А теперь – вопросы. Игорь, некоторые люди, осознав, что им 60, впадают в некоторую задумчивость. Какие у вас взаимоотношения с цифрами?



Игорь Померанцев: Впадать в задумчивость - это еще оптимистичный прогноз, можно и в детство впасть. Но отвечу на ваш вопрос. Вы помните эту скульптуру знаменитую Агесандра и ещё двух родосских мастеров «Лаокоон» и два его сына? На них нападают морские змеи, и змеи побеждают. А мне как-то попалась карикатура в польском журнале, там та же группа, но результат противоположный. Они победили змей, и один из сыновей говорит: «Глупо вышло, пап». Когда я смотрю на эту цифру - 60, я говорю себе: " Игорь, глупо вышло".



Иван Толстой: Опишите, пожалуйста, вашу семью. Где вы росли? Вы сформировались, так сказать, благодаря или вопреки?



Игорь Померанцев: Моя мать родилась в Харькове, мой отец родом из Одессы, встретились они в Саратове, где я родился, после мы жили в Забайкалье. Отец был военный журналист, мы переехали, когда он демобилизовался, в Черновцы. Наш бывший коллега, знаменитый публицист политический, как-то хотел меня подколоть и сказал: «Вы все равно - дилетант». Я только плечами пожал - ну что мне, оправдываться? У меня, действительно, отец писал, его дедушка писал - по крайней мере, три поколения пишущих людей. Если у тебя в запасе есть два-три поколения пишущих, а кем тогда тебе еще быть, профессионалом что ли? Ну и будь дилетантом. Значит, все-таки получается не вопреки, а - благодаря.

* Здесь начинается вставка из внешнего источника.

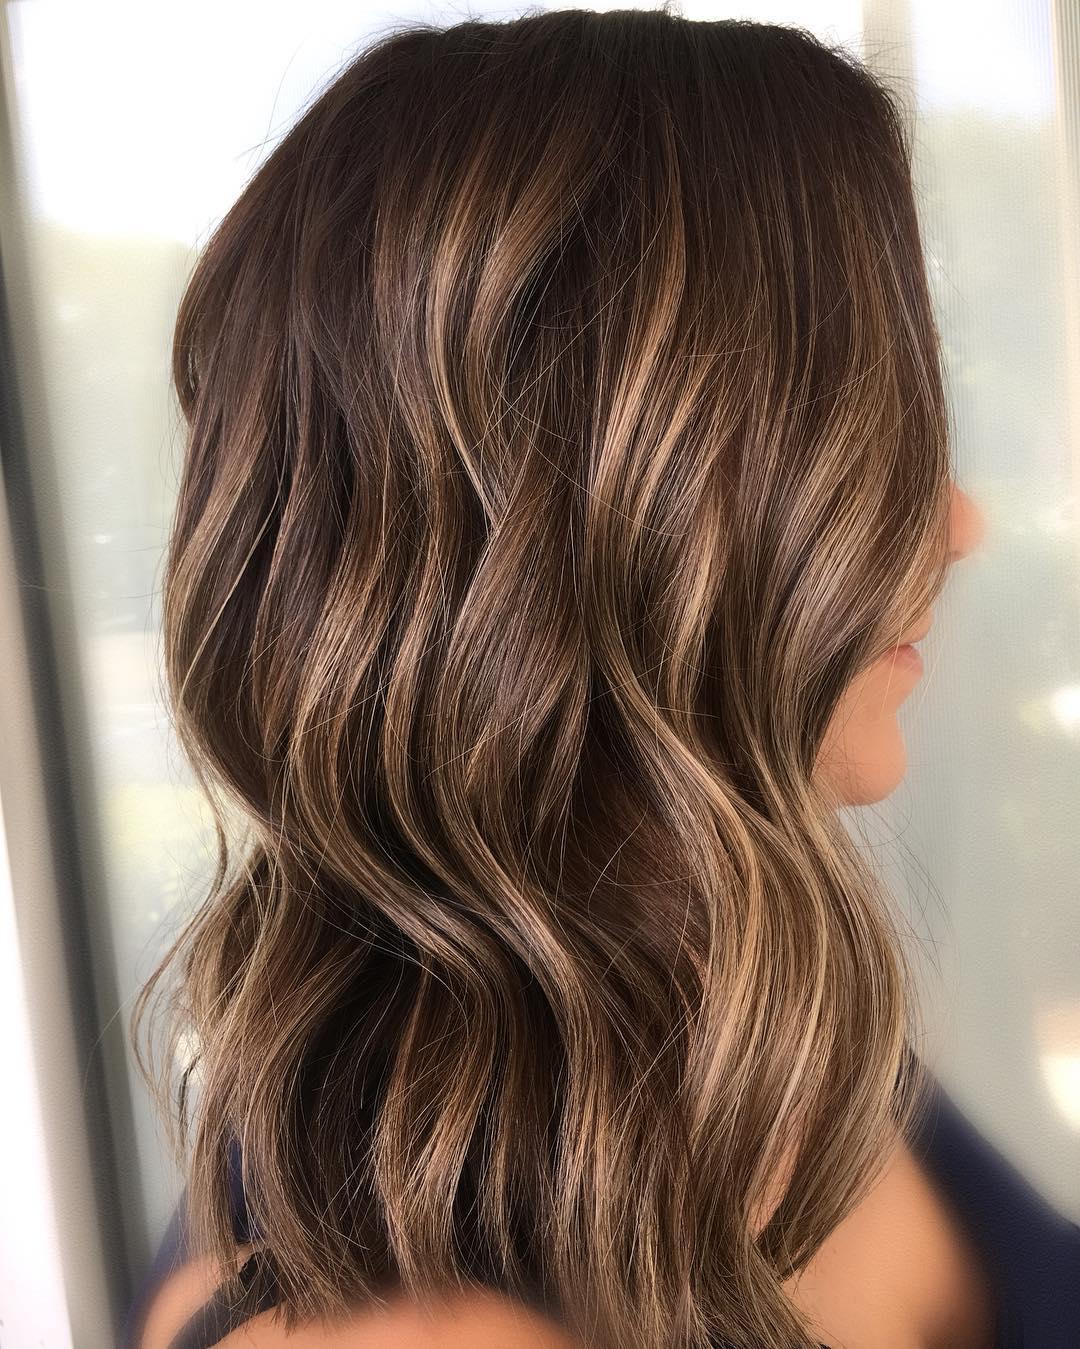 Модное окрашивание волос: лучшие идеи осенне-зимнего сезона 2020-2021

Иван Толстой: Отец смог чему-то научить, дать какие-то советы, примеры, у вас было взаимоотношение с отцом литературной линии?



Игорь Померанцев: Отец рано заболел и умер в 59 лет. Что я видел? Я видел всегда работу за столом, авторучки, чернила, карандаши, бесконечное количество исписанных страниц. У кого-то с молоком матери, а у меня с запахом чернил впиталась эта необходимость писать. Просто рука отца и спина отца. Что касается наших разговоров - да, конечно, я давал ему читать свои стихи, когда я был подростком. Однажды я даже нехорошо пошутил над ним, дал ему два стихотворения: одно - Бориса Слуцкого - я переписал от руки из журнала «Юность», а другое - свое. Он сказал: «Вот это вот лучше». Он мое назвал лучшим. Но он был партийный журналист, это была партийная пресса, другой прессы не было, и я помню, как я из Москвы привозил самиздат. Мне было лет двадцать, наверное, а самиздат мне давал замечательный поэт Давид Самойлов. Я помню, как я у него взял Сахарова «О стране и мире». Конечно, я давал друзьям, я дал отцу, и он, уже больной человек, уже почти умирая, читал Сахарова. У нас был спор, но, по крайней мере, он читал, и ему было это интересно.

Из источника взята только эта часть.